Recceing the Arc of Attrition with the routes on this site

Three directory routes sit on the Arc's course. How to use them for honest winter preparation.

The Arc of Attrition runs the coast path to Porthtowan in January, mostly in the dark. Its reputation is not marketing. The course is long-published and the organiser's page is the source of truth for this year's exact line — but three routes in this directory sit on ground the race crosses, and they make honest recce material.

The ground worth knowing in advance

St Just to St Ives is the one to take seriously — we ran and recorded it, and the second half is the hardest ground on the whole course: bog, granite and a boulder field that does not care about your splits.
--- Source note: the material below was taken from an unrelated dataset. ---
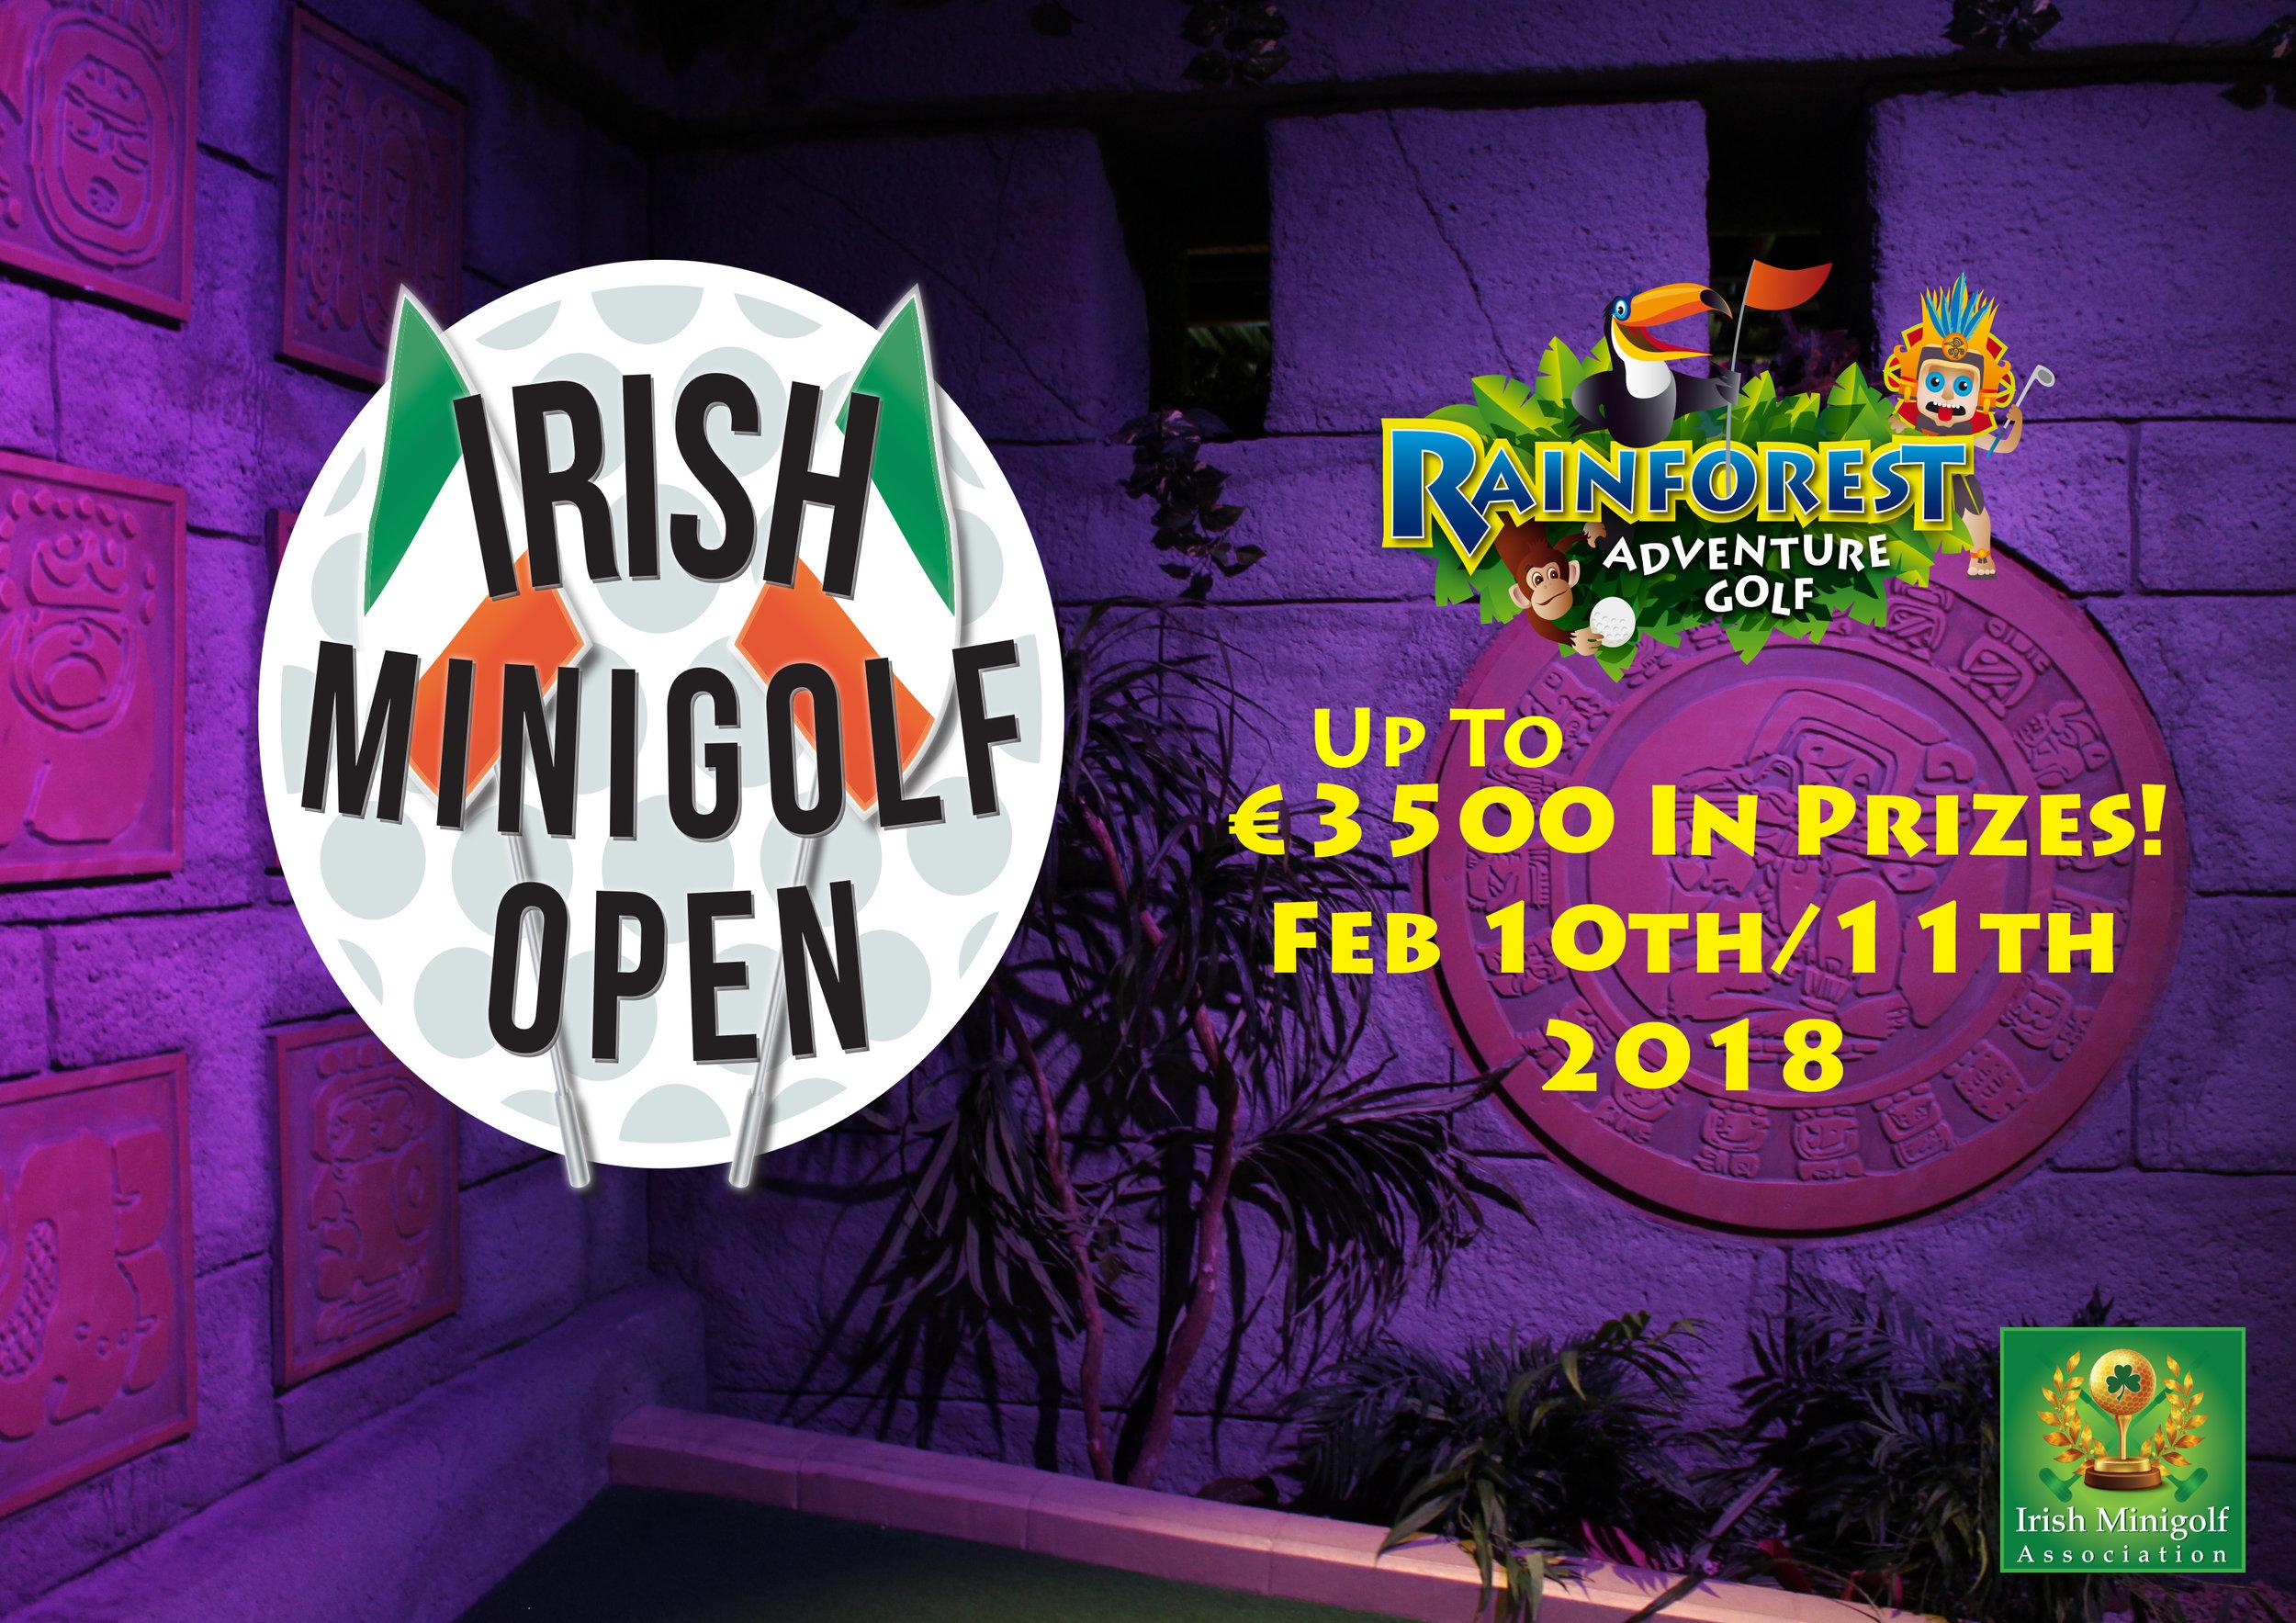 Irish Minigolf Open 2018 landscape promo.jpg
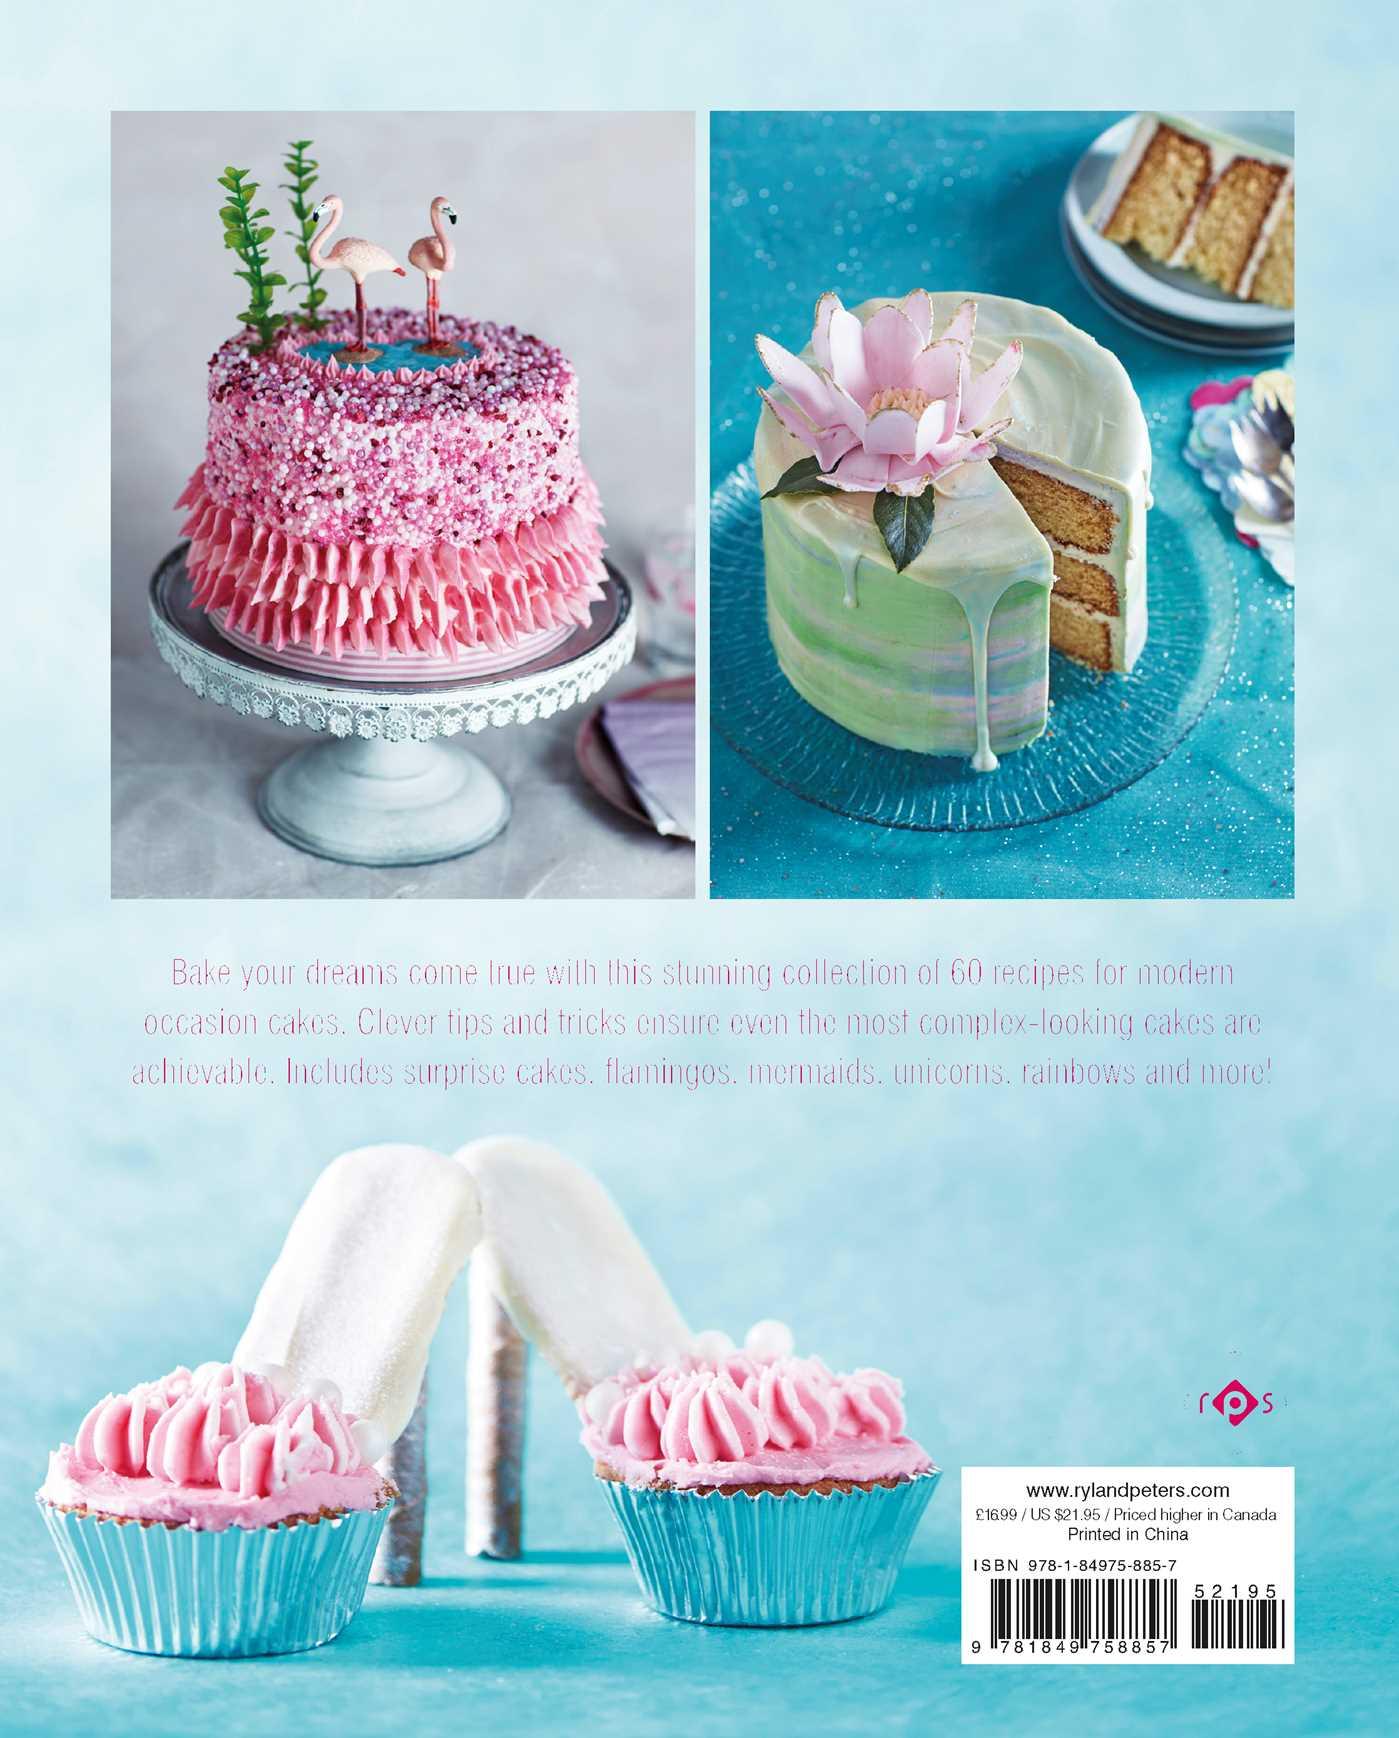 Fantasy cakes 9781849758857 hr back

Doing it fresh, in daylight, in summer, took over five hours including a pub stop. The Arc crosses it deep into the race, at night, in January. Draw your own conclusions and pack accordingly.

Penzance prom to Mousehole is the opposite lesson: the flat miles around Mount's Bay are where the race lets you run, and where an over-cooked first night shows up. Practise actually eating at pace here. Godrevy to Portreath covers the exposed cliff line towards the finish — wind training, honestly labelled.

Recce rules

  • Winter recces of these routes are the real thing: short daylight, greasy granite, full Atlantic exposure. Take the kit list the race mandates and use it.
  • Do at least one leg in the dark on tired legs — the boulder field navigates differently by head torch.
  • The GPX files here are planning aids from our lines, not the race course. Course files and cut-offs live with the organiser.

None of this replaces the organiser's information; it is ground truth to train against. The race's own page confirms dates and entries — ours just tells you what the ground underneath it feels like.